Find the simulator named '$TARGET_DEVICE' from list_devices.
Connect to it, install MyApp.app.zip, launch the app,
and verify the main screen loaded without errors.
"Example test prompts
Write prompts that describe outcomes, not steps. The agent figures out the navigation.
Login flow:
Connect to the first available simulator.
Install and launch the sandbox build.
Navigate to the login screen, enter email test@example.com and password test1234,
tap the login button, and confirm the home screen appears within 10 seconds.

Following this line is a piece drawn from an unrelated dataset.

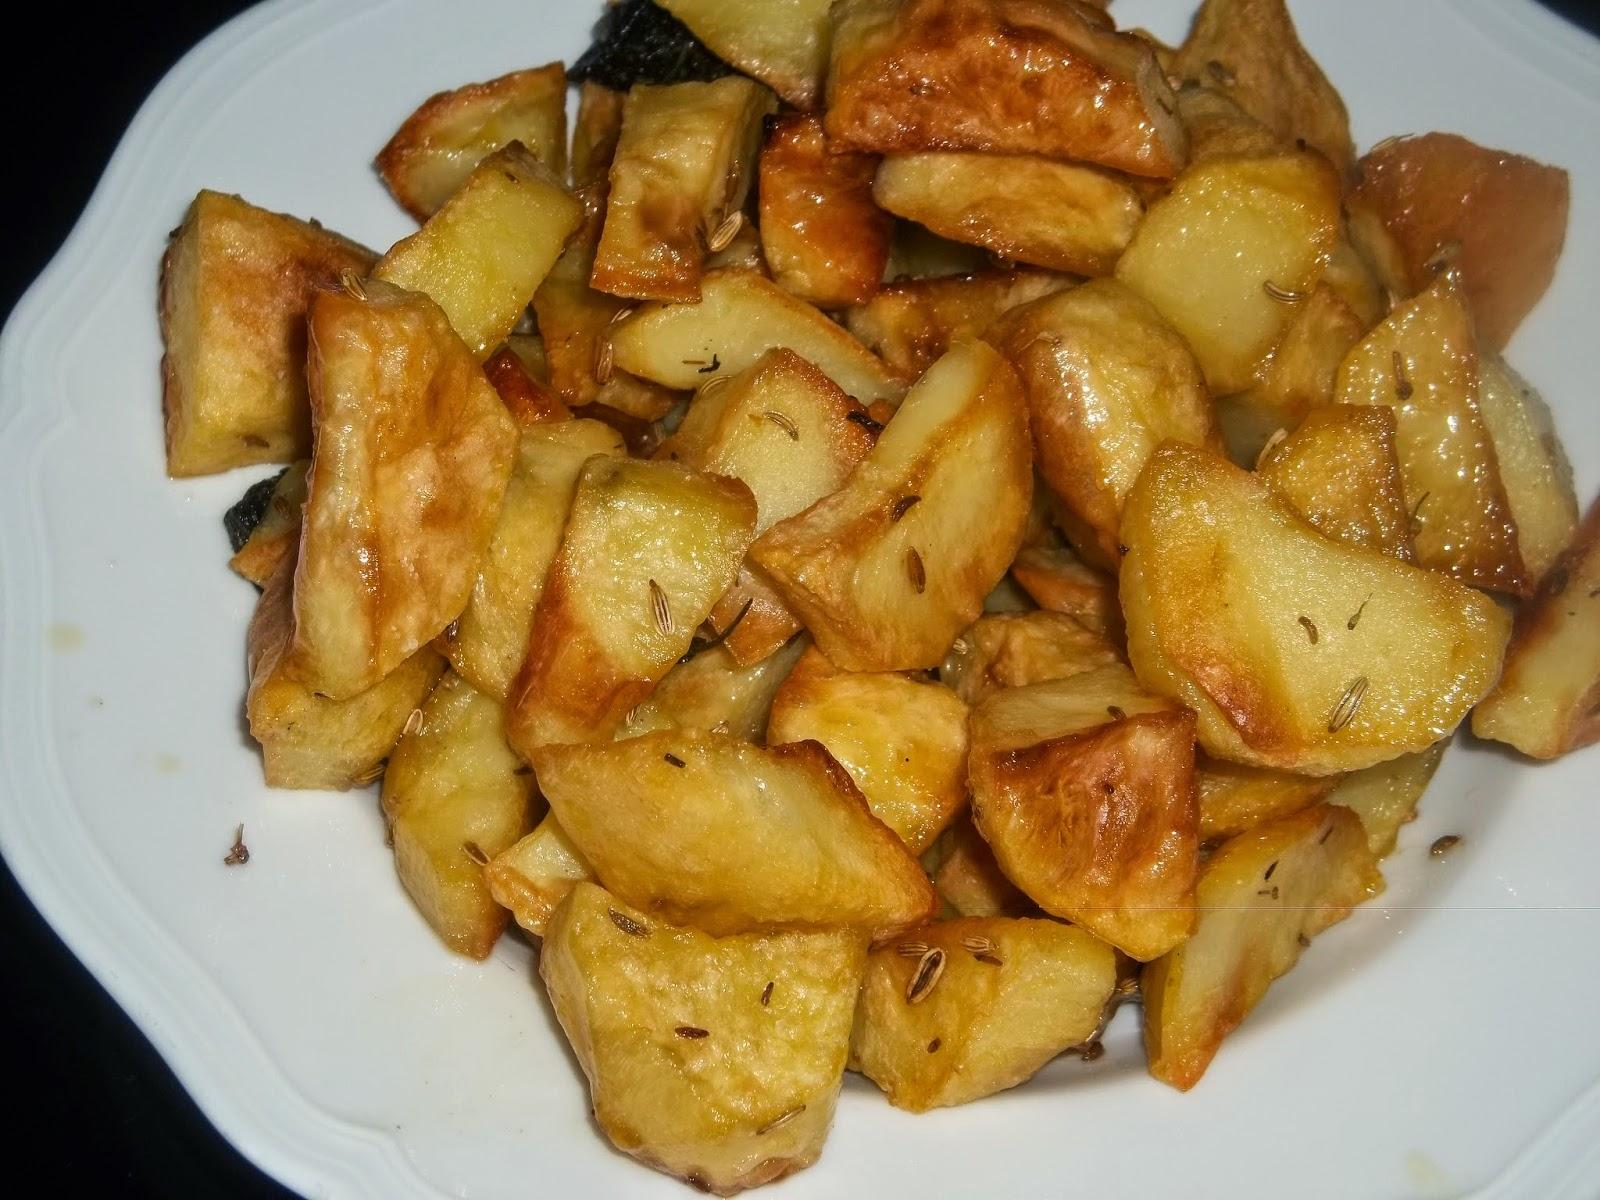 ... patate al forno saporite al finocchietto un gusto gradevole ...

Screenshot the result. If login fails or an error appears, report the error text and fail.Onboarding:
Fresh-install the app and walk through the onboarding flow.
Screenshot each step. Verify all buttons are tappable and no screens are blank.
Report any step where the UI appears broken.Post-deploy sanity check:
Launch the latest installed build.
Visit the three main tabs: Home, Search, and Profile.
Screenshot each tab and confirm they load without errors or empty states.Tips
- Keep prompts outcome-focused. "Verify the home screen loaded" is better than "tap the third item in the list" — the latter breaks when the UI changes.
- Disconnect at the end. Always include "disconnect the device when done" in your prompt, or the session stays open.
- Set a timeout.
claudehas a default timeout; set--timeoutexplicitly for long flows so CI doesn't hang indefinitely. - One session at a time. The relay routes by session; running multiple jobs against the same relay concurrently is fine as long as they connect to different devices.